Artificial Intelligence (AI) is embedded deeply in our lives. To move AI forward equitably, we need not start from scratch; history can serve us. A powerful reminder of this was the day-long NEASIST event, an energizing reminder that many ASIS&T areas with historical ties to the apparently “bleeding edge” issues of AI: Equity and information ethics and policy (SIG-IEP, SIG-SM), Bibliometrics and information retrieval (e.g., SIG-MET, SIG-AI), Information literacy (SIG-ED), knowledge organization and management (e.g., SIG-CR, SIG-KM), and Information behavior, use, and seeking (e.g., SIG-USE) approaches.
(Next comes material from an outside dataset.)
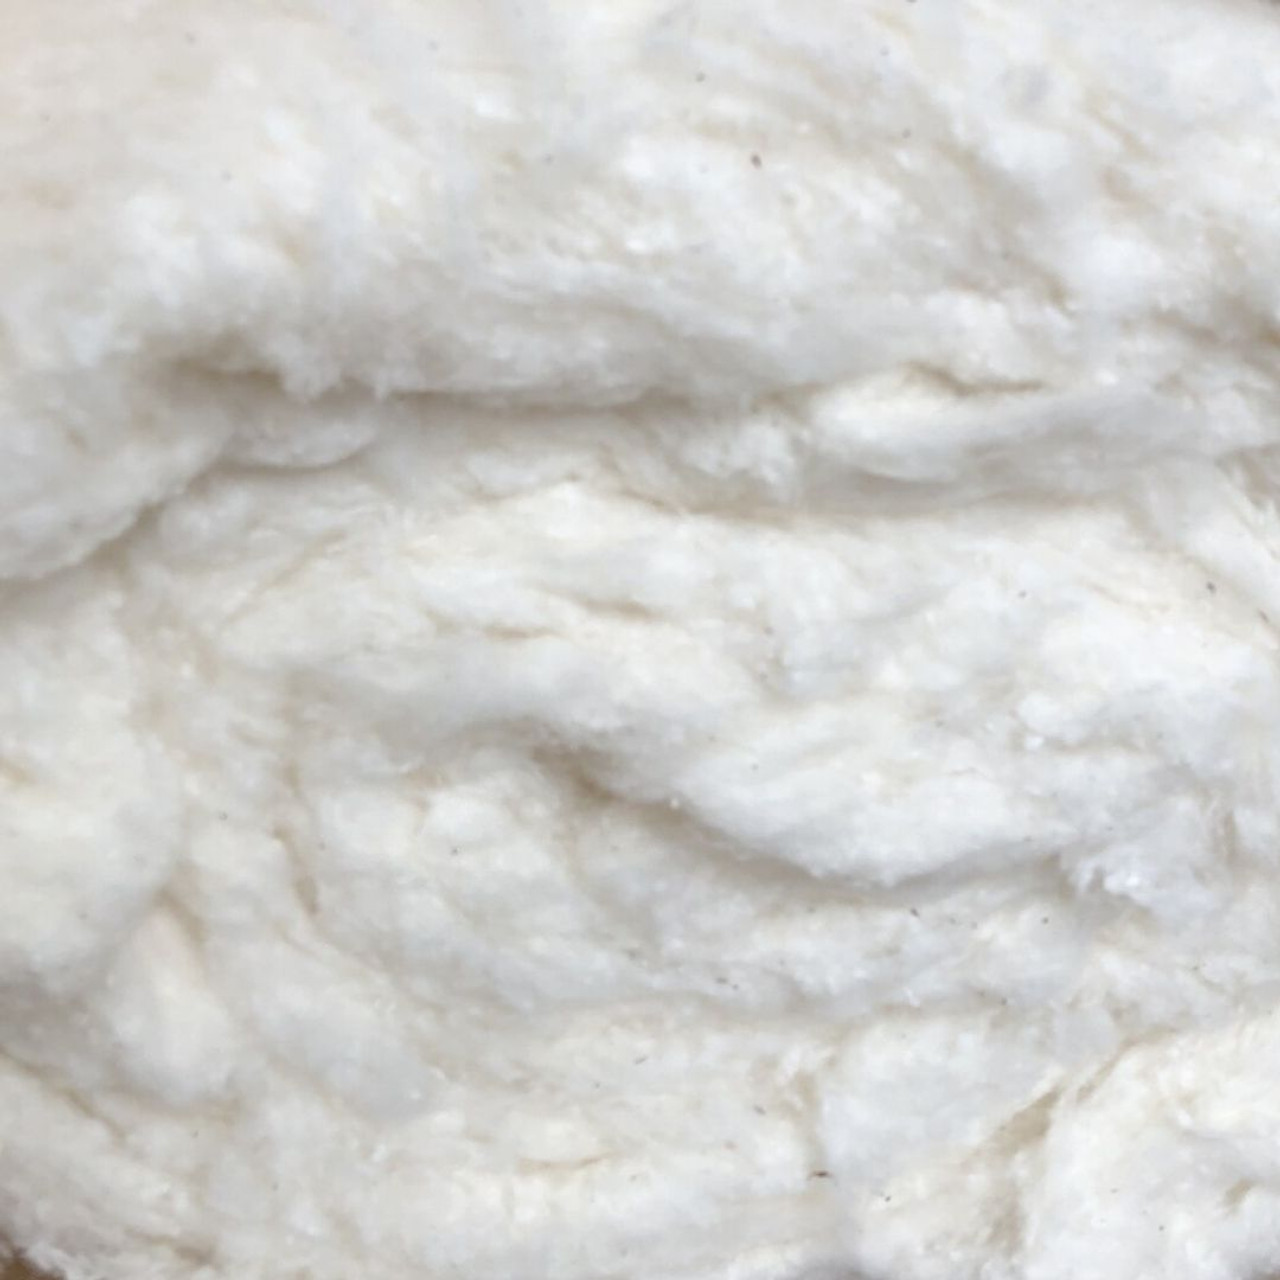 GOTS Certified Organic Cotton Batting - 1 LB

Crosscutting these foundations, I saw 3 themes that were always there in the background or explicitly mentioned:

  • Surveillance Capitalism was always in the background
  • AI education as a solution was widely endorsed
  • Interdisciplinary problem-solving was always implied

In this brief commentary, I summarize the ways AI is related to our information roots that can help us see AI not as a major break with the past, but a rebranding and re-imagination of ongoing issues in information science and technology studies. Granted, there are issues of scale and technical innovation that make AI a new beast. Nonetheless, as here I highlight here, a key takeaway for readers from the NEASIS&T event is the fruitful path forward suggested by speakers and conference attendees’ conversations: bringing special interest group (SIG) expertise together, not only strengthen these foundational areas and apply them to AI, but also make policy and practice recommendations to AI across industry, academia, and government.
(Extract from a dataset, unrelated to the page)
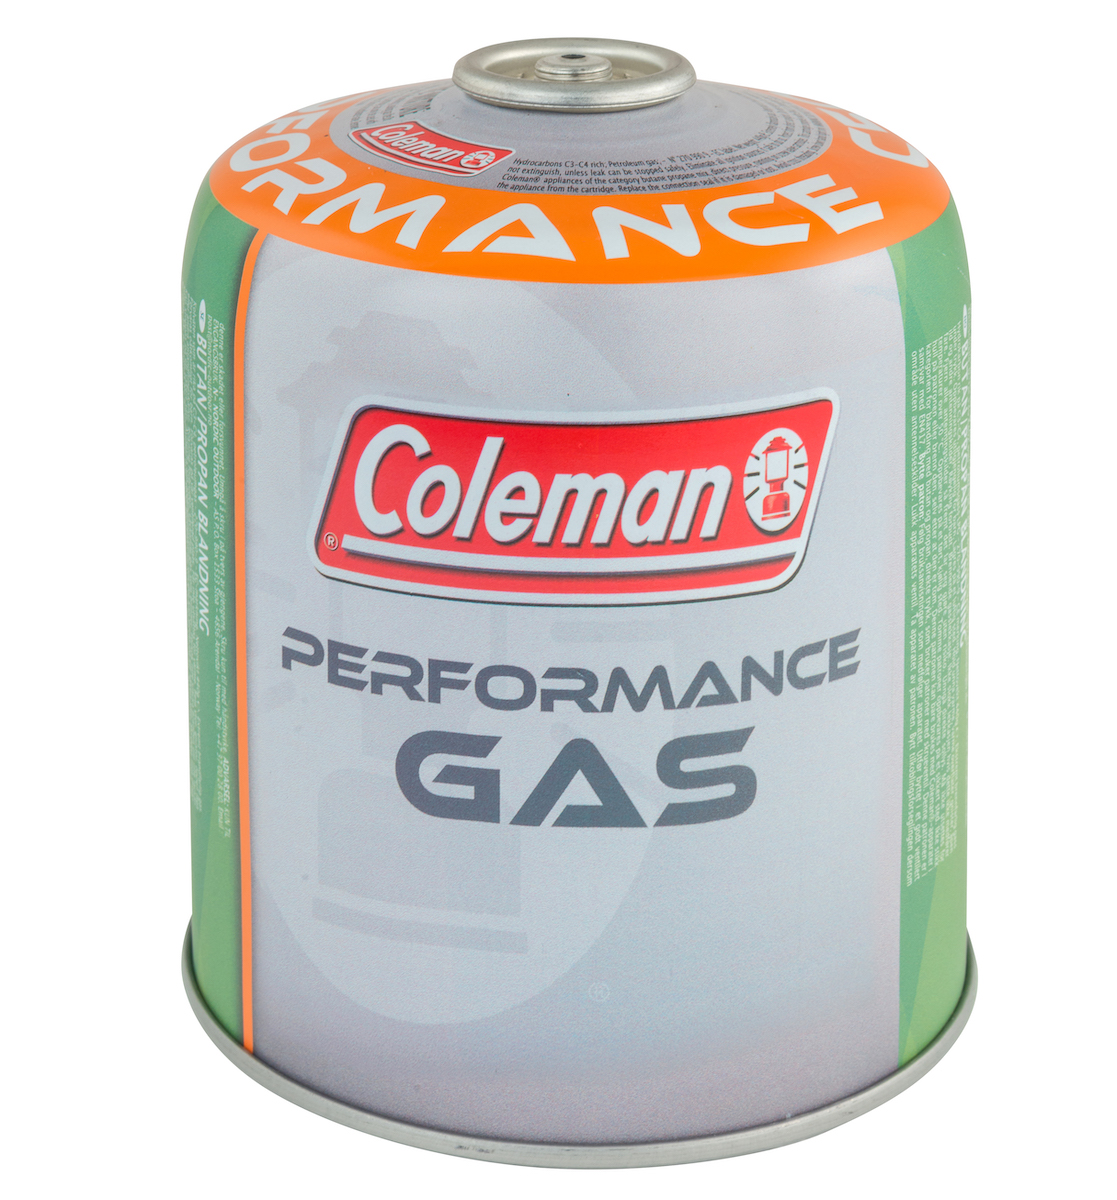 Gas-Ventilkartusche Coleman 500 Performance

With Great Power: AI and Equity

The NEASIST conference “With Great Power: AI and Equity” Friday, March 25, 2022, by Simmons and ASIS&T, co-sponsored by SIG-AI, brought diverse perspectives to questions of the intersection of artificial intelligence (AI), machine learning (ML), and society. I was struck by the nuanced perspectives gained from deep technical knowledge of AI systems, connected to the most pertinent questions of our increasingly algorithmically-mediated experiences, services, and products. The scope of the topics was wide ranging—legal scholars brought perspectives related to behavioral data use, emergency preparedness researchers as well as privacy and security brought perspectives on how AI is shaping issues critical to public sector concerns, from COVID-19 case tracking to semi-automated policing.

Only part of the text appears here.